* Available data:
BEGIN

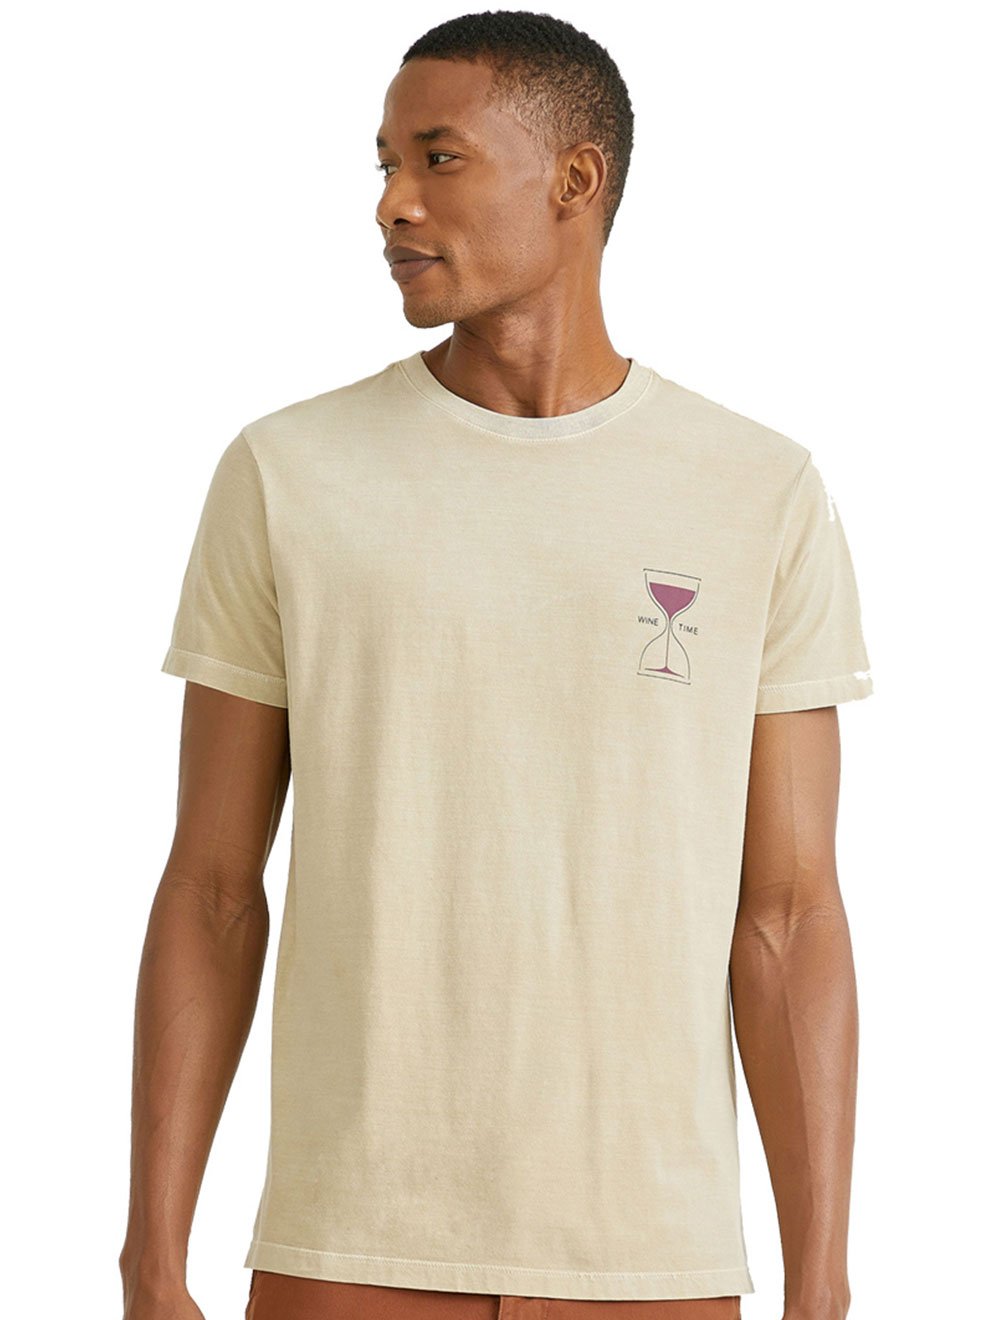 Camiseta Foxton Masculina Wine Time Safari Cáqui
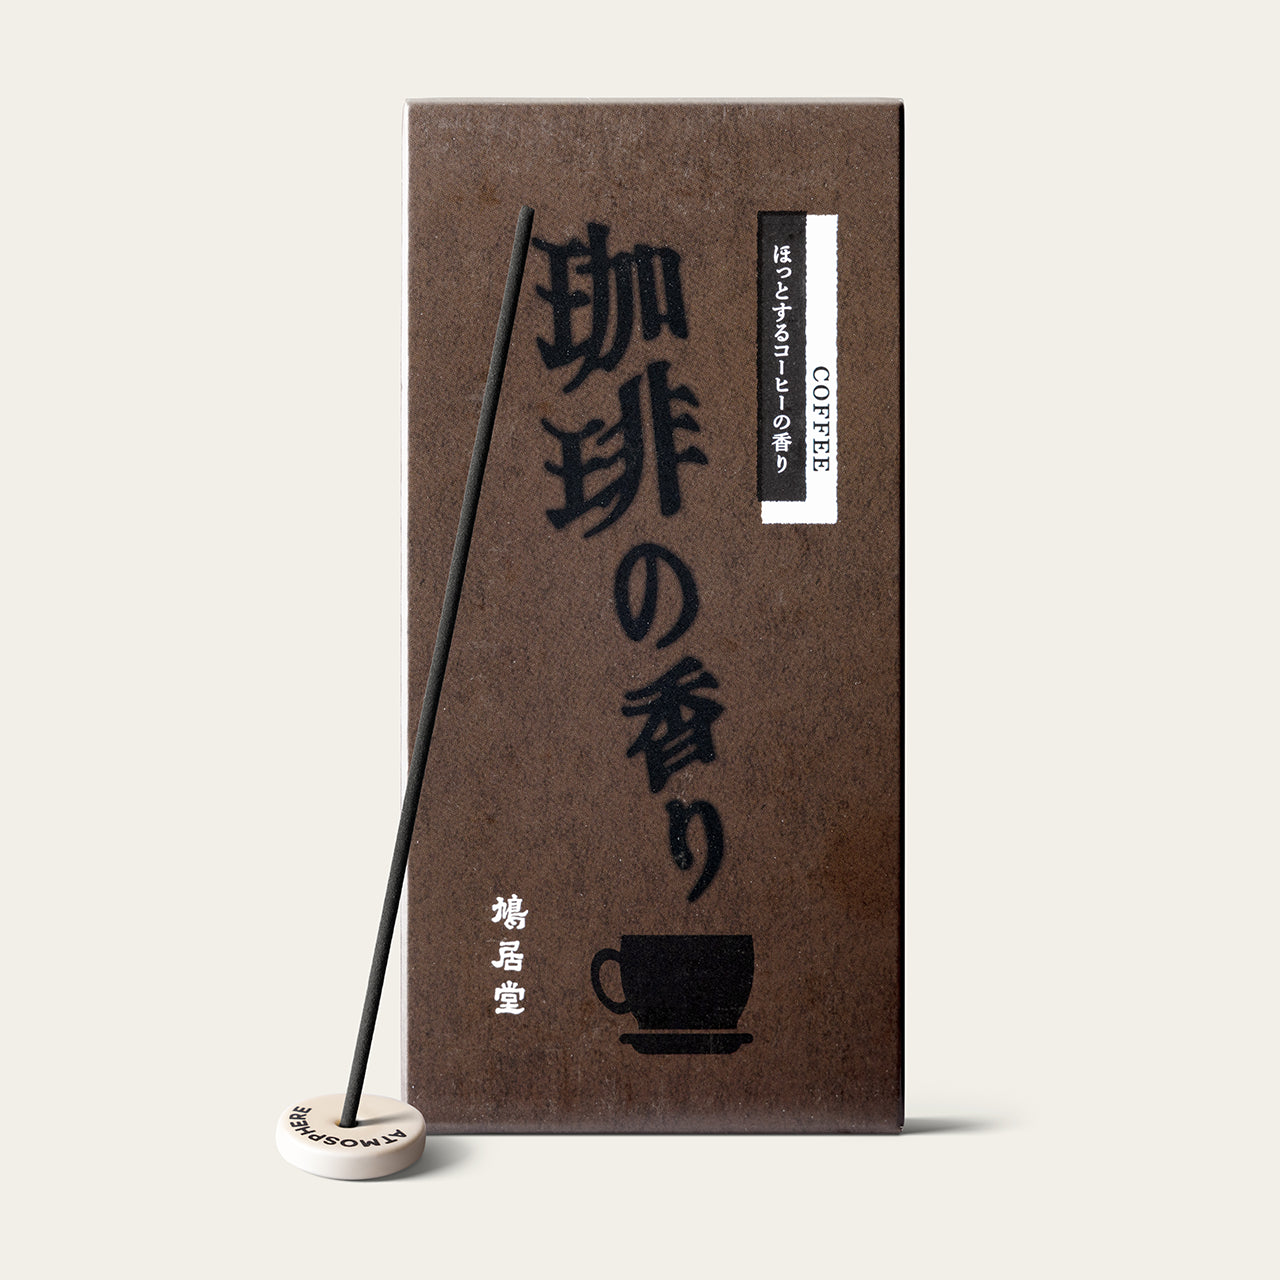 Kyukyodo Fragrance Daily Coffee Japanese incense sticks (200 sticks) with Atmosphere ceramic incense holder
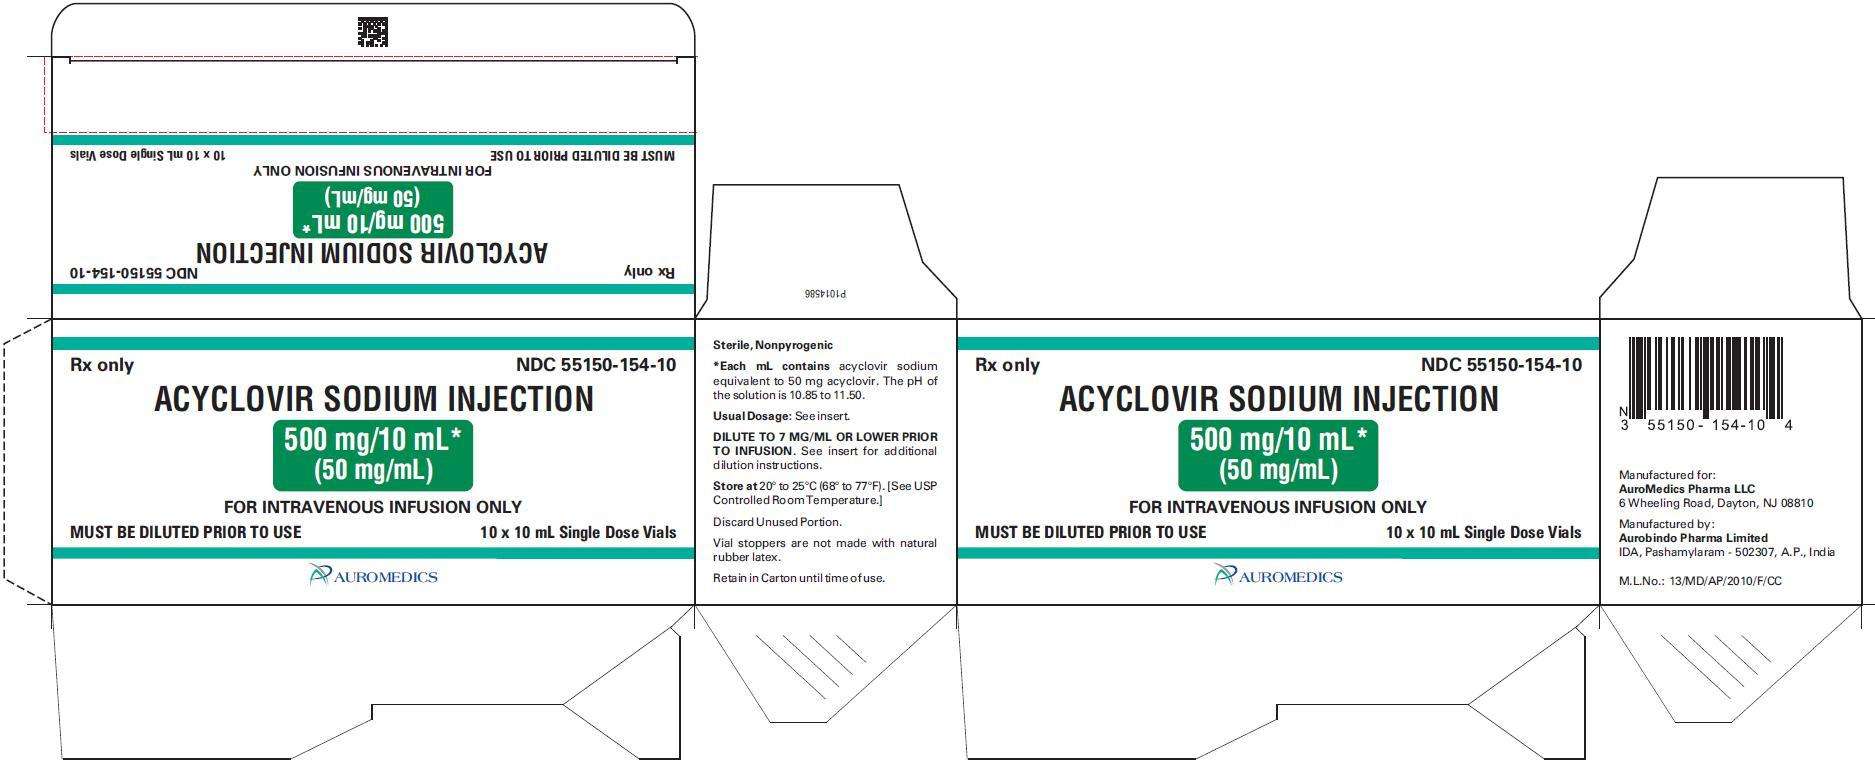 Acyclovir Sodium
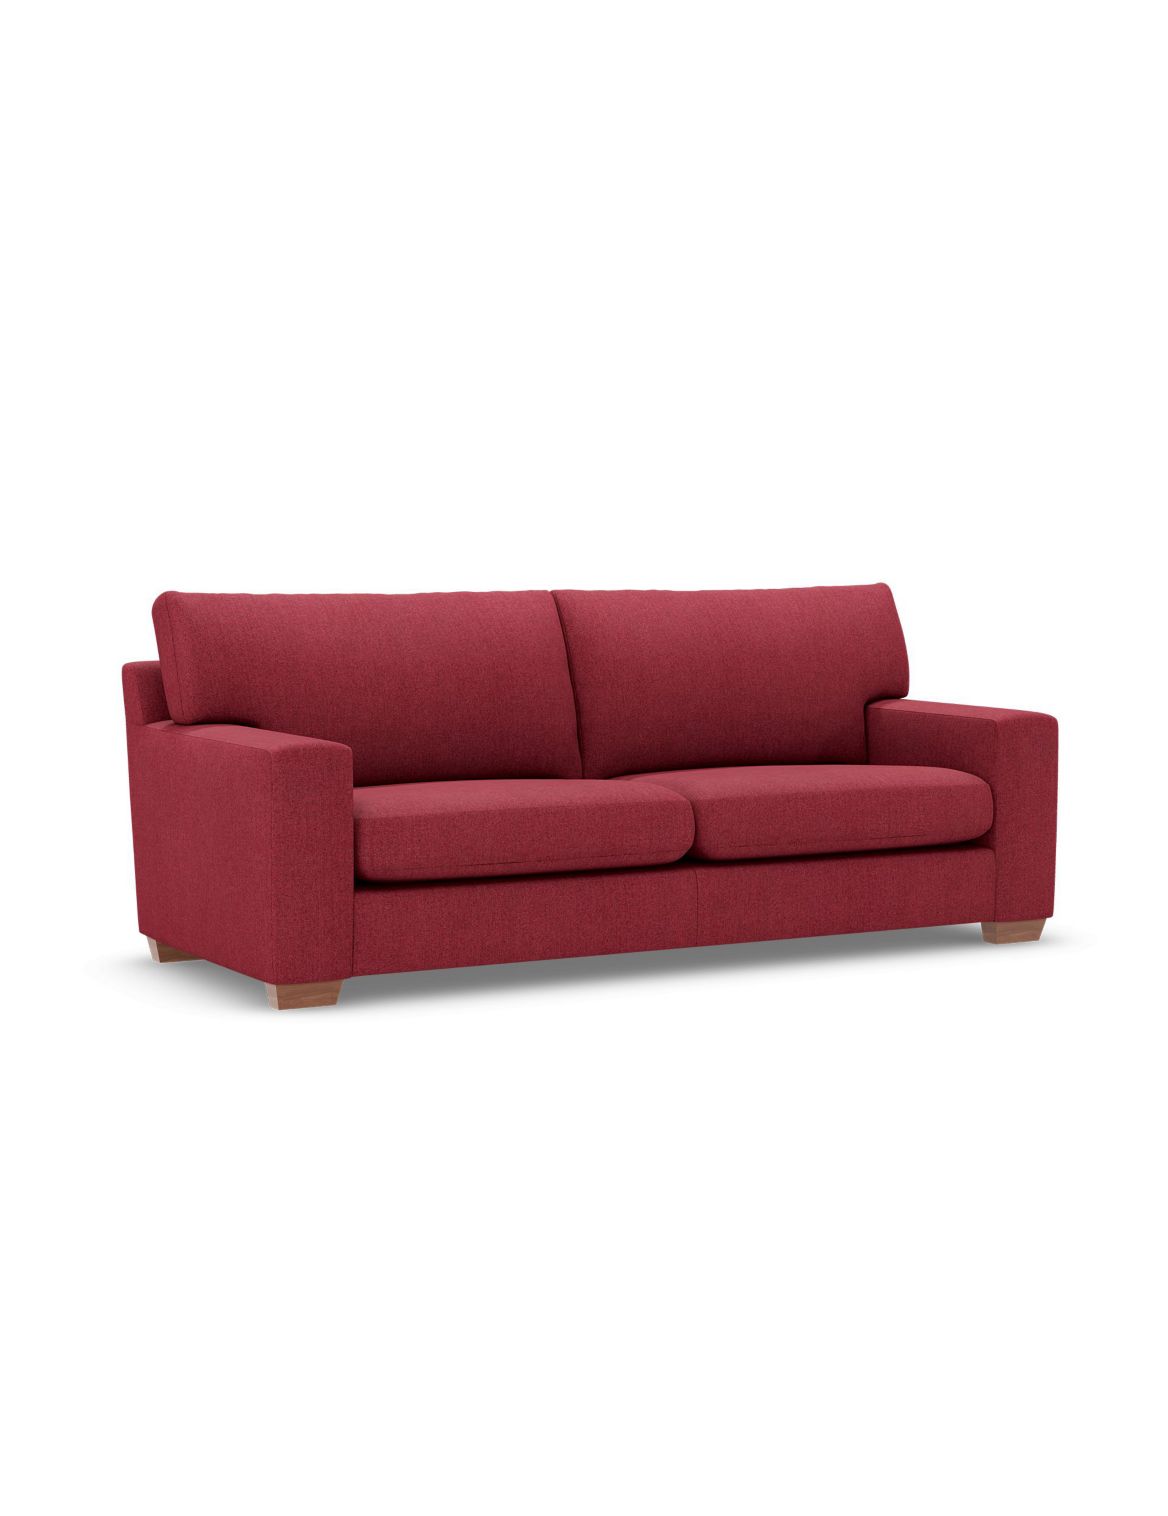 Alfie Large Sofa red

END

* Instructions to follow: Leave the pictures out and output the rest of the data word for word.

* Reply to the exercise:
 Camiseta Foxton Masculina Wine Time Safari Cáqui
 Kyukyodo Fragrance Daily Coffee Japanese incense sticks (200 sticks) with Atmosphere ceramic incense holder
 Acyclovir Sodium
 Alfie Large Sofa red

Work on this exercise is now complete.